What this figure shows is that, for a particular octave nominal tuning, the intervals of all the upper partials are uniquely determined, with a linear relationship. The straight lines in the figure for each partial are regression fits to the data. The interval of the octave nominal relative to the nominal can be changed by tuning (typically, by thinning the bell in the region of the soundbow so the octave nominal sharpens, or skirting the bell so it flattens), but all the other upper partials move in exact proportion. This is not true for the hum, prime and quint, whose intervals to the nominal can be controlled by the bell founder independently of the octave nominal via design and work on the tuning machine, as can be seen by the scatter of values in the chart. Like the upper partials, the interval of the tierce to the nominal cannot be significantly changed on the tuning machine, though it can be influenced by careful design of the soundbow. Like the upper partials, the tierce also has an antinode at the soundbow.
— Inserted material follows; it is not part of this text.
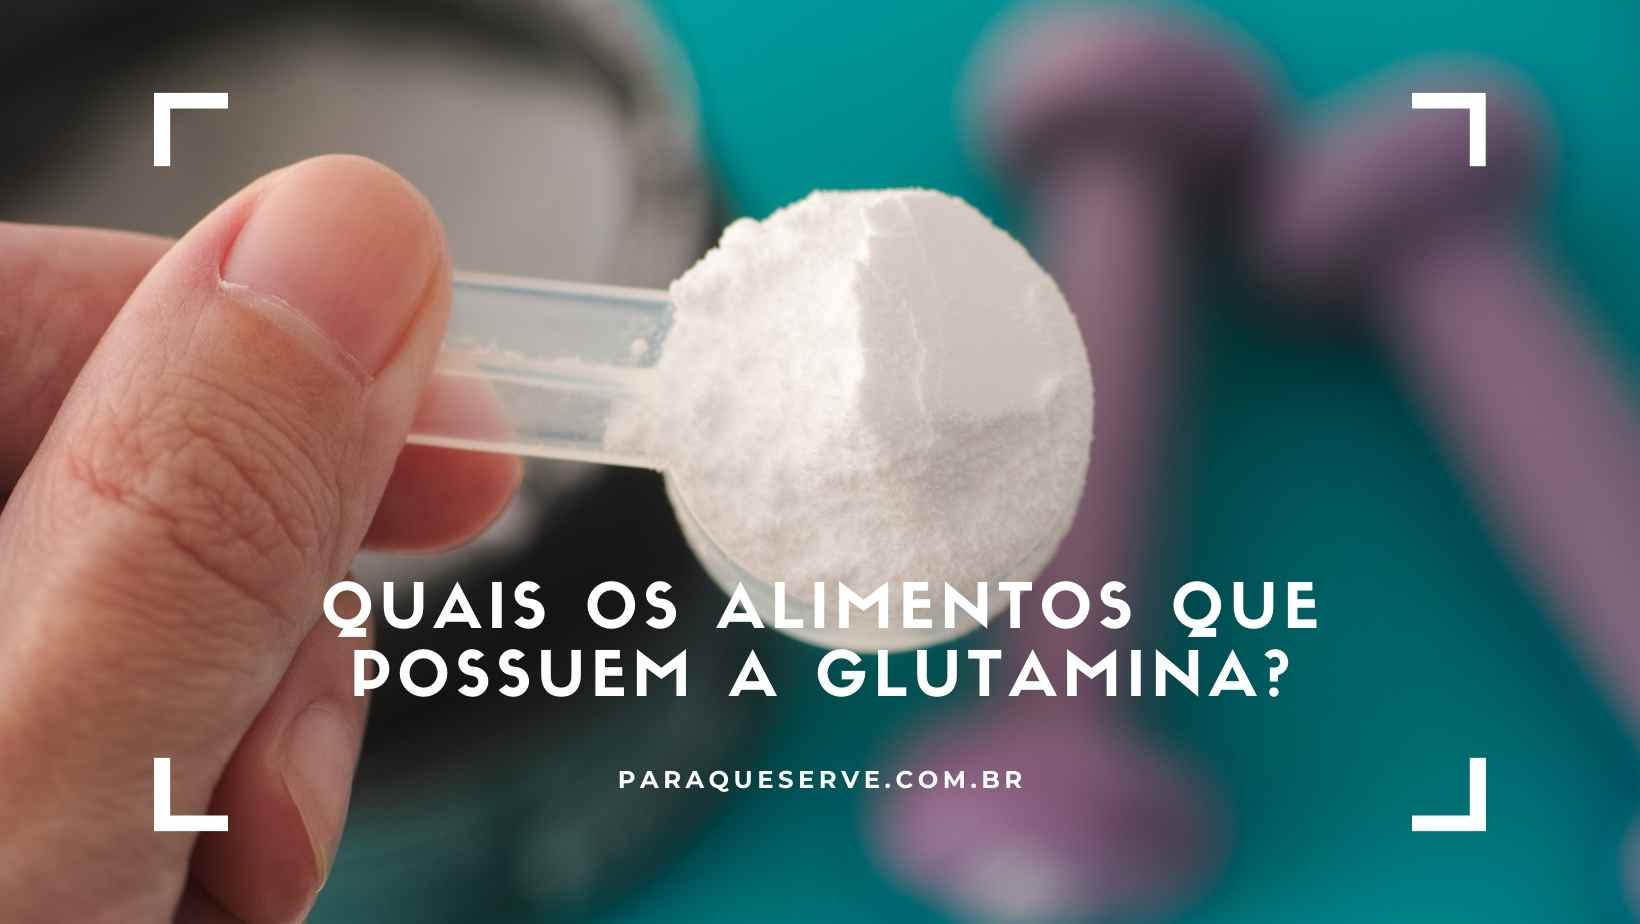 Quais os alimentos que possuem a glutamina?

The impossibility of independent tuning of the upper partials has not been recognised by bellfounders – in fact, some claim to tune them independently in big bells. An interesting case study in this regard is the Berlin Freedom bell, cast and tuned by Gillett and Johnston in 1950 and hung in the Rathaus Schöneberg in Berlin. A picture of this bell following its rehanging in 2001 (taken from the website of Ingenieurgruppe Bauen) follows:

Richard Offen, in a note to the Bell Historian’s Group, gives the background to the tuning of this bell: I well remember Wally Spragett telling me of his adventures tuning this bell. It was one of G & J’s early ventures into serious upper partial tuning … I seem to remember Wally saying that, because of the experiment, they made a bish of the tuning …, but as the bell was never to be rung with any other, they let it go – would have been a rather expensive mistake had the bell needed recasting like the Wanamaker Bell a few decades earlier! The bell as cast weighed 11.075 tonnes, and over 1.4 tonnes of metal was removed in the course of the experiments.
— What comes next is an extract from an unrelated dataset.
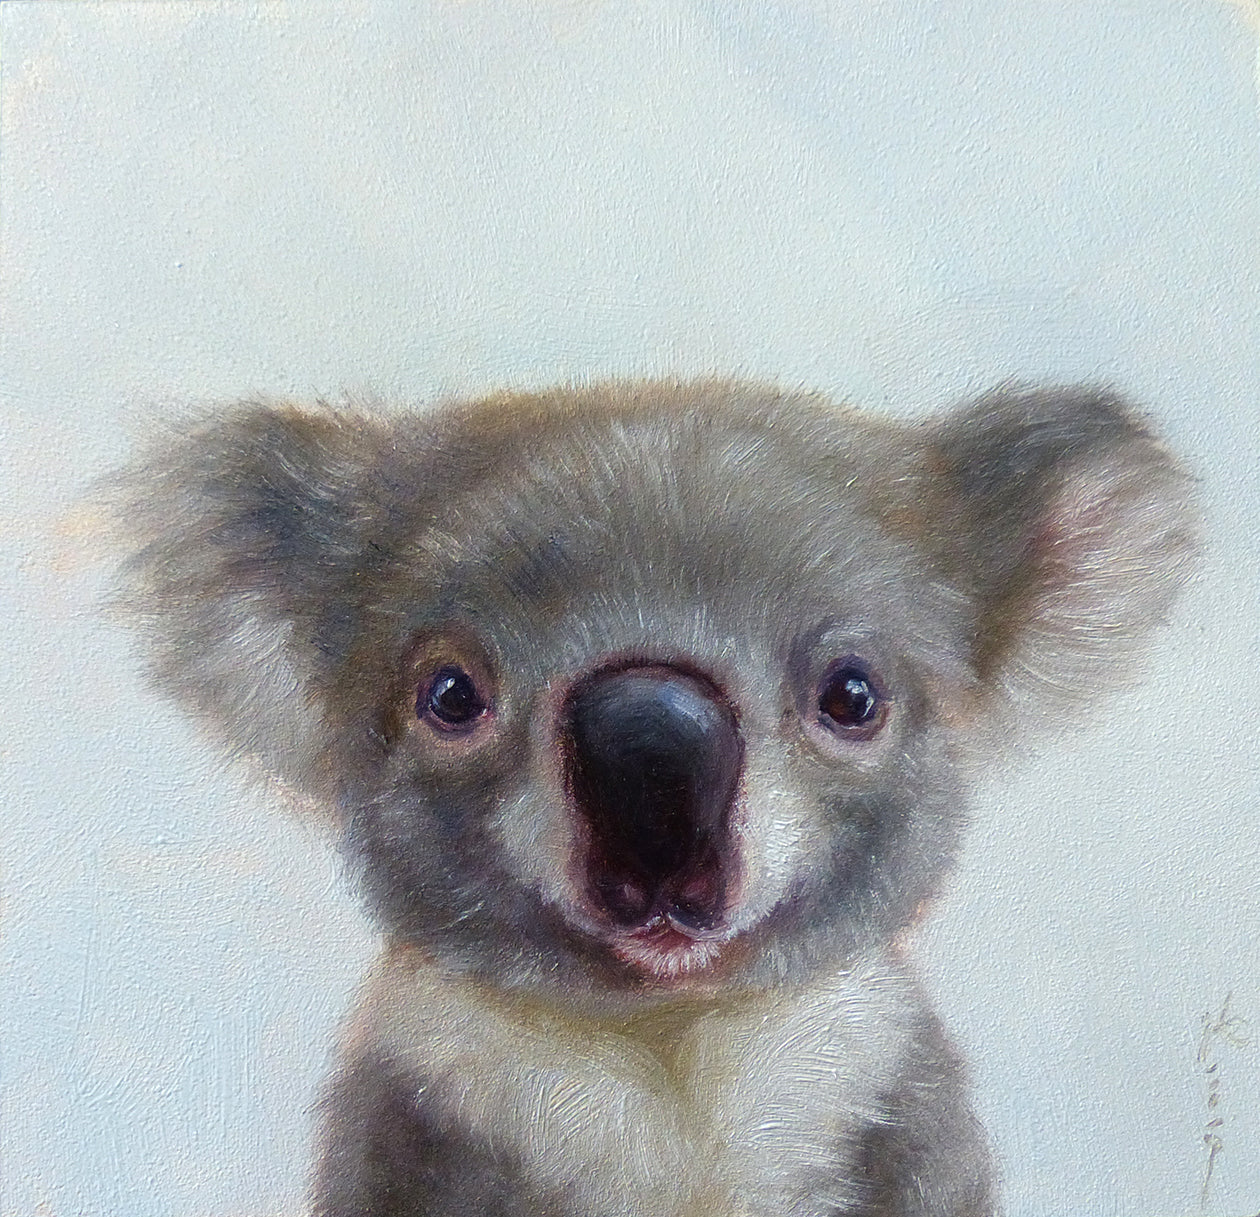 Lil' Koala

Alan Buswell provided the tuning figures for this bell from the Gillett and Johnston books. The ‘as tuned’ figures were verified against four recent recordings of the bell and a good correspondence was found. Three sets of figures are given: as cast; the ideal figures showing what G & J were attempting to achieve in the tuning; and after tuning. The figures are given as intervals plus the variation from the (just-tuned) intervals in cents:

PartialIntervalAs castIdealAs tuned
HumTwo octaves down+50 cents0 cents-53 cents
PrimeOne octave down+88 cents0 cents-41 cents
TierceMinor third+16 cents0 cents-21 cents
QuintFifth+99 cents0 cents-21 cents
SuperquintFifth above nominal-20 cents0 cents+4 cents
Octave Nom.Octave+34 cents0 cents+71 cents
I-7Eleventh-9 cents0 cents+39 cents
I-8Thirteenth-44 cents+24 cents
I-9Double octave-17 cents0 cents+60 cents

These figures show that the extensive tuning work, intended to bring the upper partials to exact intervals, has instead only served to sharpen them all together as the bell was thinned. At the same time, the lower partials (hum, prime, tierce and quint) have flattened considerably; the hum for instance ended up half a semitone flat. It is illuminating to plot the figures before and after tuning in the same manner as previously (the ‘before’ data points are on the left):

It is clear from this plot that the upper partials, and the tierce, have moved inexorably along the regression lines as the tuning took place. My research shows that the ‘ideal’ figures sought by Gillett and Johnston could not have been achieved.

The effect of these experiments on the sound of the bell was unfortunate. The hum and prime are sufficiently low in frequency as to have no effect on the timbre of the bell. However, the sharpening of the I-7 partial means that the secondary strike note of the bell is rather more than a fourth sharp of the primary strike, giving the bell an edgy tone. The bell before tuning, despite its sharp prime, probably sounded better than the final result.